Structure of synthesized sceptrin-derived compounds. Five different sceptrin-derived compounds were synthesized to test their ability to block cell motility. In summary, extra bromide groups were added or original bromides were removed from the pyrrole group of sceptrin to generate the bromo, dibromo, or debromo compounds. Nakamuric compounds lack one of the aminoimidazole groups of sceptrin. On the oxysceptrin compound an oxygen is added to one of the aminoimidazole groups.

Figure 5

Effect on cell motility of the various sceptrin-derived compounds. HeLa cells were allowed to migrate in the presence of hepatocyte growth factor (HGF) (10 ng mL⁻¹). As indicated cells were treated with sceptrin or sceptrin-derivatives (40 μM) for 24 h as described above. Control cells were treated with vehicle (H₂O). Cell motility was quantified as described in Methods.

Figure 6

Time-lapse confocal video microscopy of cells treated with sceptrin. a) Effect of sceptrin on cell motility dynamics was tested on MDA-MB-231 cells transiently transfected with GFP-actin construct. Cells that had been seeded on fibronectin-coated LabTek chambers were pictured (20x objective) every 2 min up to 3 h. Panel a shows an RGB composite still image taken at time 0, 1, 2, and 3 h, where red represents 0 h, green 1 h, blue 2 h and white 3 h. Actual movies can be seen in online Supporting Information. b) Effect of sceptrin on HeLa cells was assayed as described for panel a. HeLa cells were induced to migrate by addition of hepatocyte growth factor (HGF) (10 ng mL⁻¹). A 40x objective was used to take the pictures in this case.

Figure 7

Inhibition of cell contractility and actin binding by sceptrin. a) Cell contractility was assayed using the clot retraction assay. CHOα_IIbβ₃ cells treated with vehicle, sceptrin (40 μM), or 10 μM Calpain inhibitor XI (positive control) were mixed with human serum, thrombin (2 U mL⁻¹), and CaCl₂ (5 mM). Clot was allowed to retract for 2 h, and still images were taken.
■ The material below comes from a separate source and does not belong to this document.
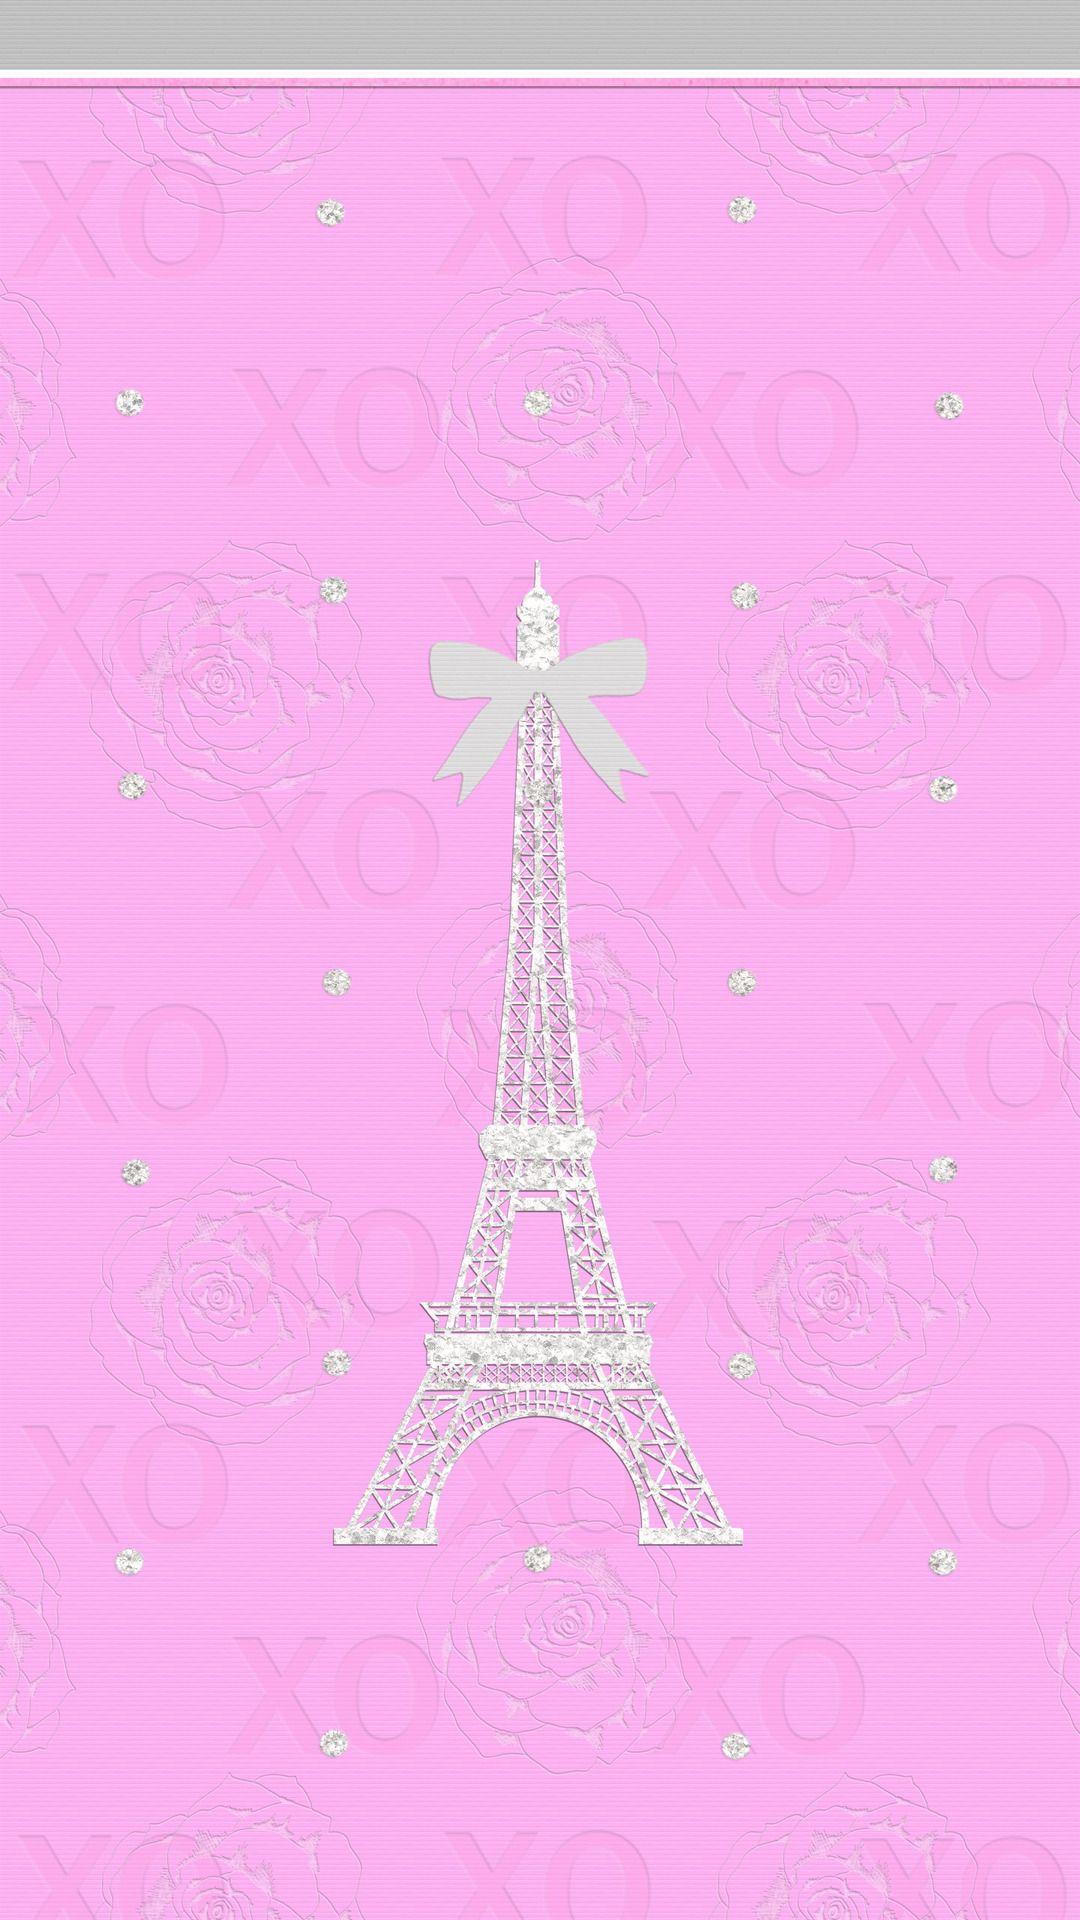 Wallpapers Cute Pink Wallpapers Pretty Wallpapers Winter Wonderland Wallpaper Bow Wallpaper
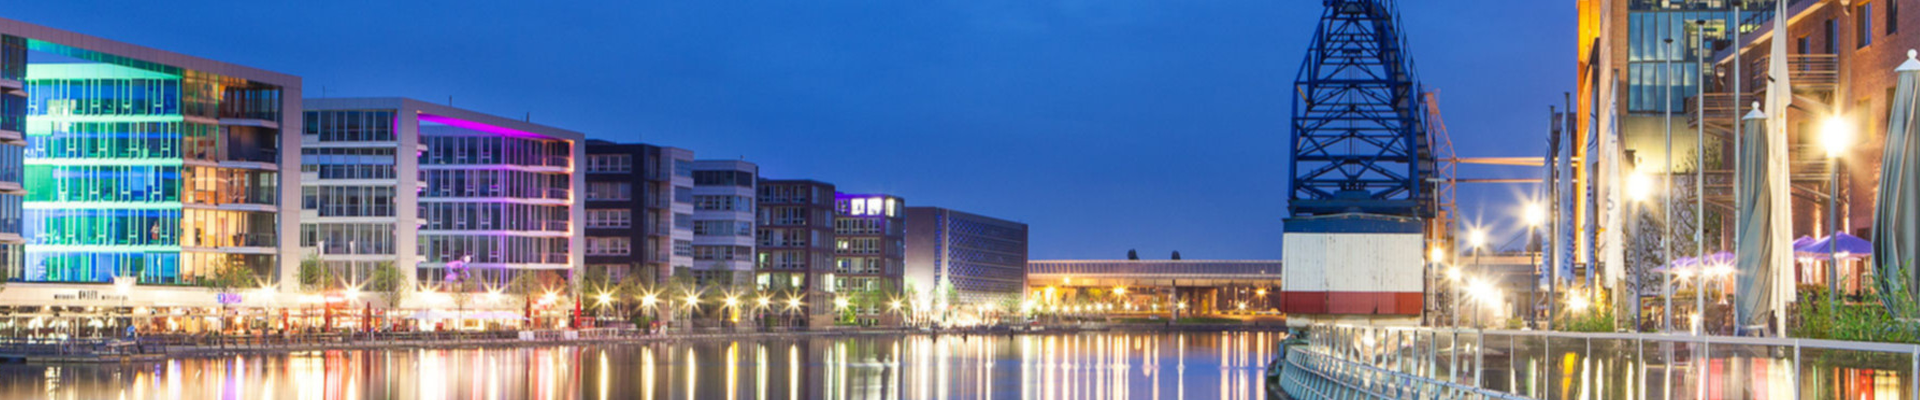 SEO Agentur Duisburg

All conditions were tested in triplicate and assayed in three independent experiments. Panel a shows a representative picture of each condition. b) 2D size of clots was segmented and quantified using the NIH ImageJ software. c) Isothermal titration calorimetry (ITC) binding curve after subtraction of the heat associated with sceptrin dilution. K_d = 19.4 ± 0.2 μM for sceptrin binding to G-actin is an average obtained from two independent measurements.